The one tragedy of Lisa Krowinski’s 15-year career in the artisanal letterpressing business is that she can no longer smell the ink. Still, she’s able to live vicariously through her new customers. “There’s nothing better than a client walking through the door and commenting on how great the print shop smells,” she says.

Krowinski has been the owner and lead designer of Sapling Press since 2003. The stationery store specializes in a proudly quaint, analog form of printing known as letterpress, where letters are made by pressing the paper against a raised and inked metallic surface. Think Benjamin Franklin, but slightly more streamlined.

Those looking to breathe in some ink and check out inventive local craft-making can visit Sapling’s new location at 4618 Friendship Avenue in Bloomfield, which opened earlier this month.

“There are so many other ways to print these days, but there is only one true way to create a letterpress printed piece, by using these gorgeous printing presses, some well over 100 years old,” Krowinski says. “I love that it’s a process, and I love that it’s a process that we’re immediately involved in keeping relevant in today’s digital age.”

Courtesy of Sapling Press.

Speaking to NEXTpittsburgh, Krowinski recalled that since moving the business to Pittsburgh in 2004, she’s moved locations five times, but she foresees the Friendship location as Sapling Press’s final home.
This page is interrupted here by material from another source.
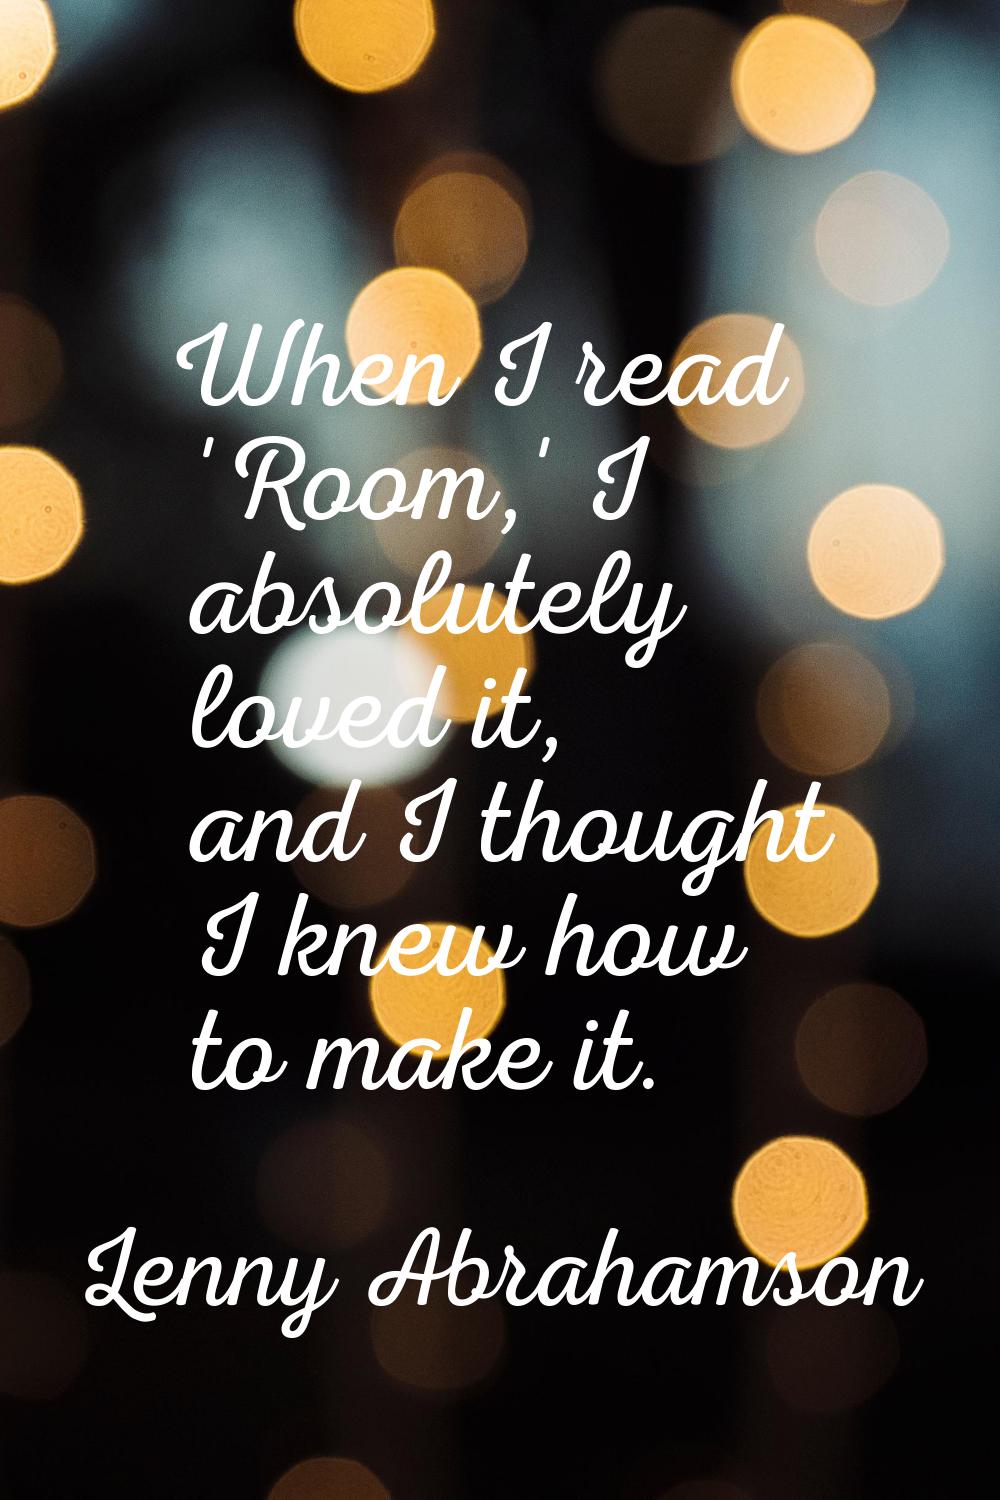 When I read 'Room,' I absolutely loved it, and I thought I knew how to make it.

The building, over a century old, used to house a soap-making company in the previous century.

Krowinski purchased the building in July of 2017 and spent eight months remodeling it. At 4,800 square feet, the building is double the size of Sapling’s previous Lawrenceville location, and the extra space will allow her and her team to begin teaching open classes on their letterpress machines starting in early 2019.

“Folks will be able to come and play around with the wood type and our over 70-year old presses to create and print something of their own from start to finish,” she says. “Being one of only a few letterpress printers in the area, I’m very excited to be able to open up our shop again to the public. ”

She and her team of seven full-time staff supply orders for clients as far afield as Iceland and New Zealand, and count PNC Bank, Duolingo and regional treasure Rick Sebak among their local clientele.

Her line of minimalist, darkly comic greeting cards has developed a cult following in bookshops around the city. A typical card will include greetings like “So much of life is just pretending you’re ok” and “I may not know what I am doing with my life but I am also very poor.”